A Book Review by Robert van Wichen

A recently published book is introduced with these words:

Every Sunday in New Zealand the vast majority of this country's inhabitants will indulge in a variety of Sunday activities that range from sleeping off the effects of the previous night's party to a day out on the harbour or the sports field. A small percentage of the population will forgo these pastimes in order to attend church. This minority will gather in traditional church buildings, modern auditoriums or school halls. For part of the service they will listen to someone deliver a message from the Bible. This person - a minister, priest or lay-person - will probably have spend a good number of hours preparing their sermon.…Yet many of us who do this work have some questions at times, even nagging doubts. What exactly are we doing each Sunday? How effective is the sermon as a means of communication? Can we really expect Christians, who live in a secular and pagan society like ours, to understand the message of the Bible? And will non-Christians, who might hear us preaching, understand anything of what we are saying?

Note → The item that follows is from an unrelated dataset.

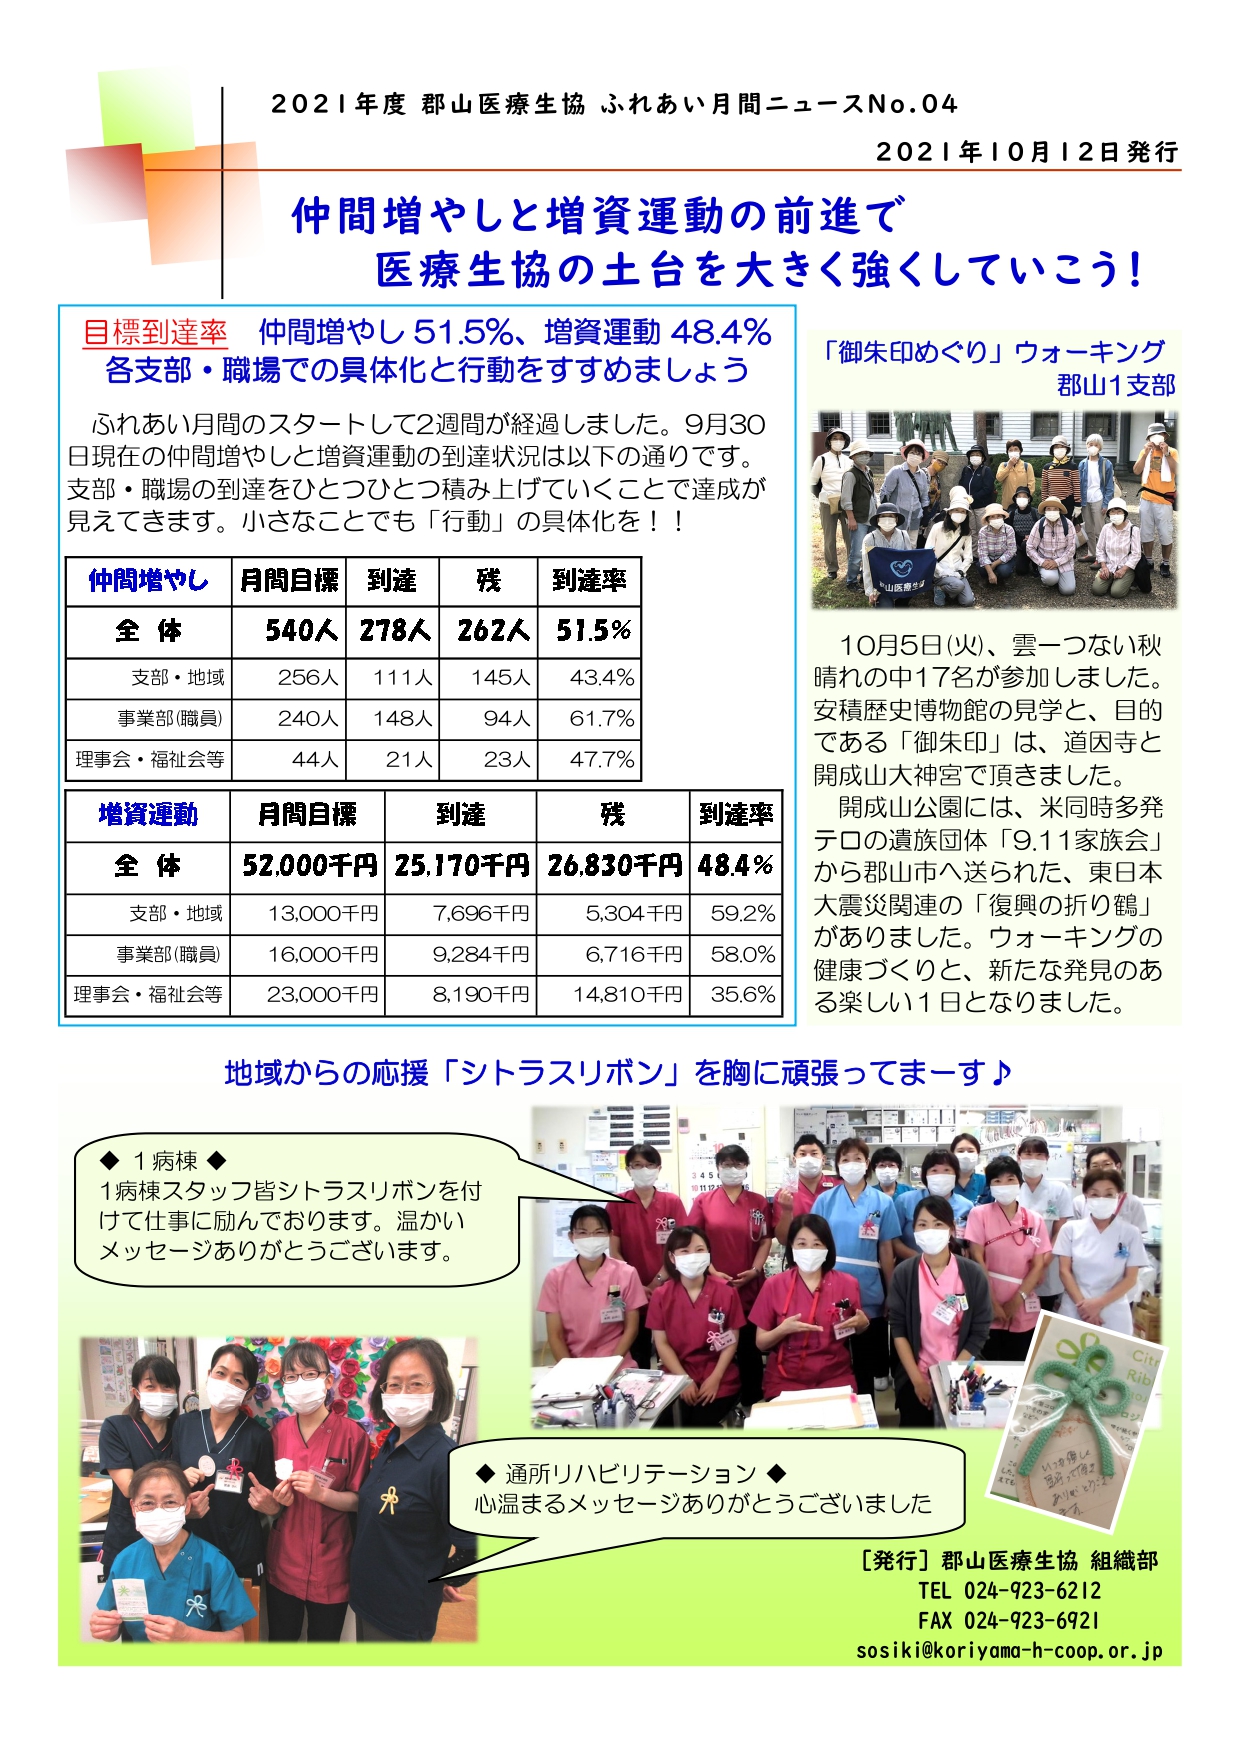 2021年度 郡山医療生協 ふれあい月間ニュース No.04 2021.10.12_page-0001.jpg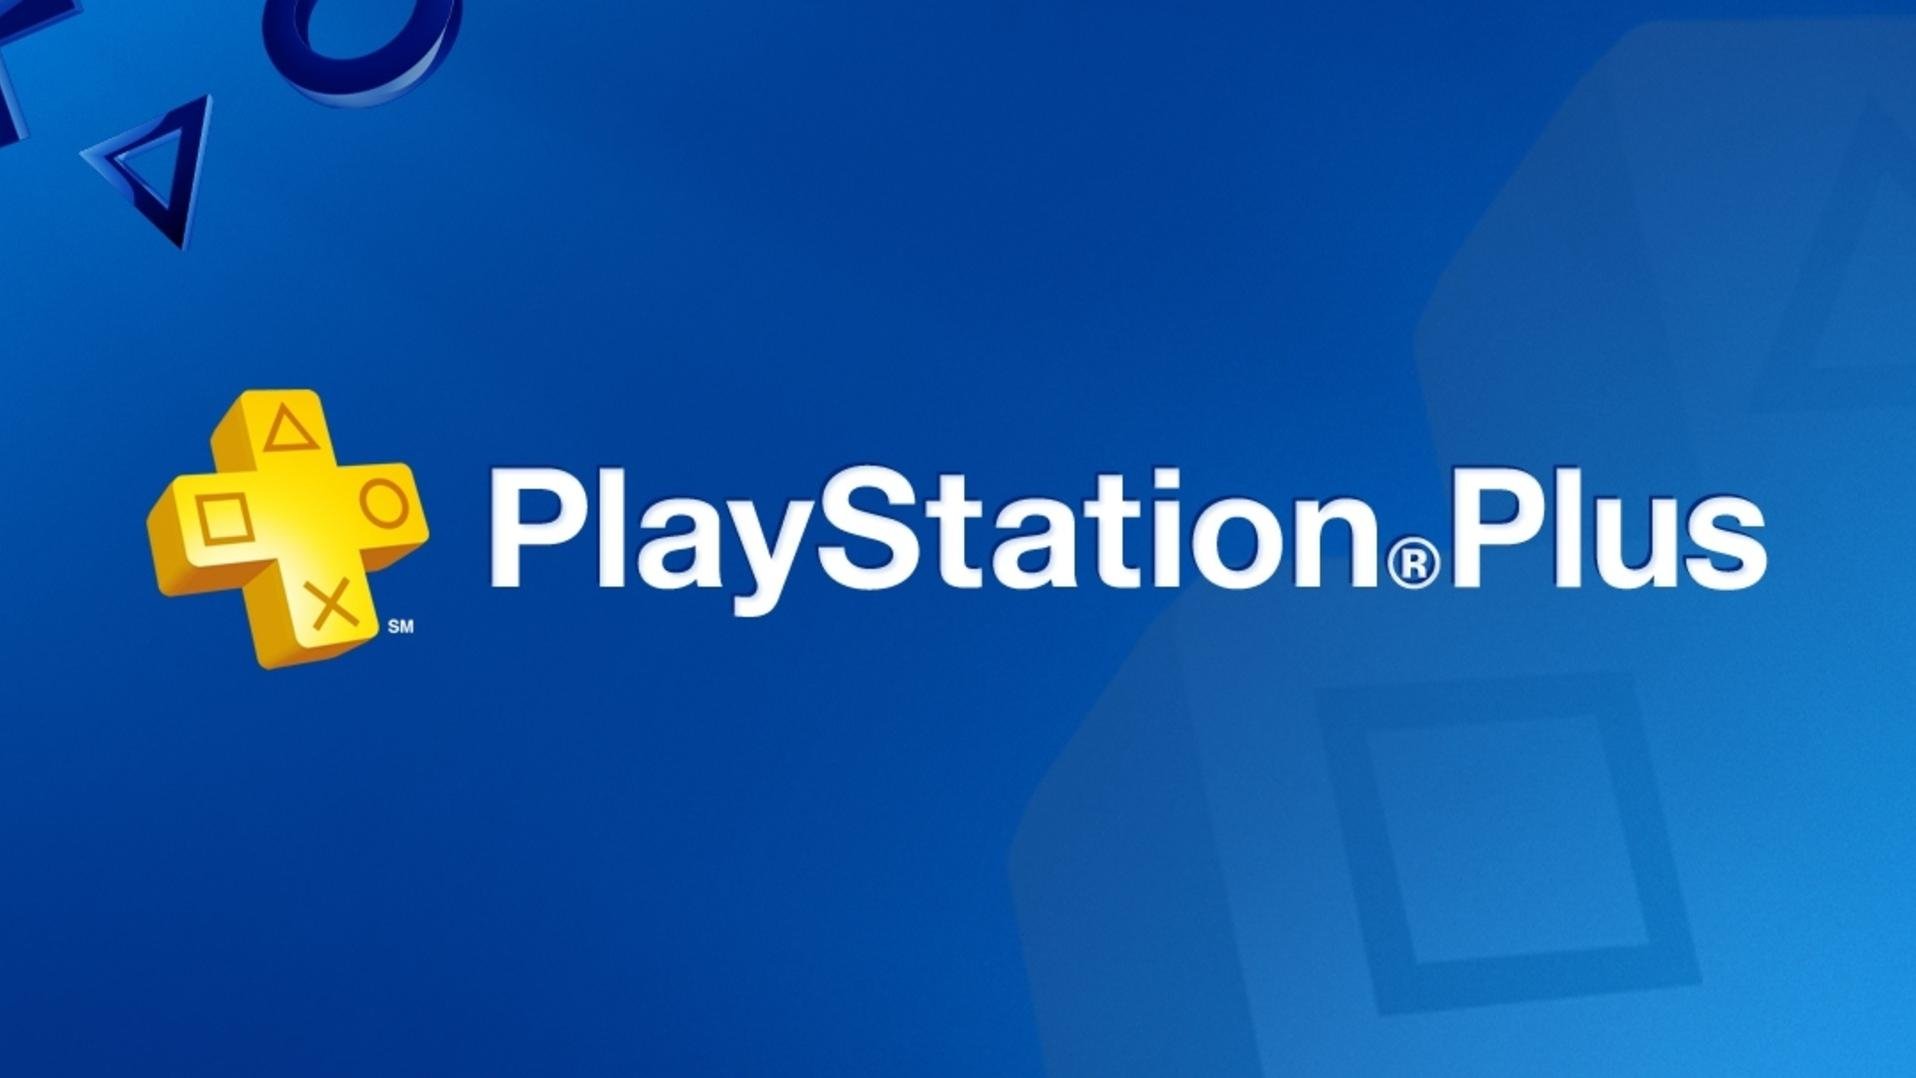 PlayStation PLUS 1/3/12 MONTHS PS PLUS UKRAINE

For those who did not recognise these opening words, the author is Rev. John Haverland and his book is titled Feed My Sheep. As its subtitle, Preaching the Gospel in a Postmodern New Zealand Society indicates, this very readable book is specifically a plea for more sound, exegetical, and expository preaching in the Church in New Zealand. While it is probably of greatest use to preachers of the Gospel, others will find between its covers a wealth of information and ideas.

What makes this book especially valuable is that it is about New Zealand by a New Zealander. It has been observed that the world is becoming a "smaller" place. Certainly there are similarities between New Zealand and say the United States, and there is much we can learn from what is happening there and elsewhere; but, when all it said and done, the reality is that New Zealand culture is distinct, and presents its own peculiar challenges to the Church.

The Necessity of Preaching

The first part of the book advocates, not only the advantages and importance of preaching, but its necessity. It has become fashionable to charge that preaching is ineffective, lacks authority, and is irrelevant. But the author dispatches any notion that preaching is an ancient relic with no conceivable use in today's world. He argues that expository preaching is commanded by God and is an effective means of communication, is ordained by God, and is perpetually relevant. In this part, you will find a clear apologetic for the primacy of preaching, and its place in true spiritual revival. The challenge for us as Reformed Churches comes at the end of this section:

The church needs men who, knowing both the world around them and the Christ above them, are able to proclaim the Word of Christ to the world. We need preachers … who are able to “preach with passion the truth of God's Word, reflecting on the truth and seeking out the points at which it intersects with modern life.” Our aim is to preach the “old, old story” so that it speaks with power, relevance and clarity to our modern listener.

Understand Where We Are

Part Two is simply and aptly titled “Understanding our New Zealand Context.” After starting with a historical overview (which deflates a number of popular misconceptions), it proceeds to explain how we, as a society, have got to where we are today. The effects of secularism, pluralism and consumerism, among others, are examined. This is simply a “must read.” It is vital that we understand the culture in which we live, for as the author points out:

Our mission field is right here on our doorstep, over the back fence, in our workplace. Certainly we have mission responsibilities overseas, but we need to recognise that we live in a society where approximately 90% of New Zealanders do not have saving faith in Christ.…New Zealand's majority culture, media-massaged and educated to be more secular than most, innoculated against the life-changing power of the gospel by long exposure to religious formalism and caricature Christianity, now needs missionaries as skilled and dedicated as any in the world.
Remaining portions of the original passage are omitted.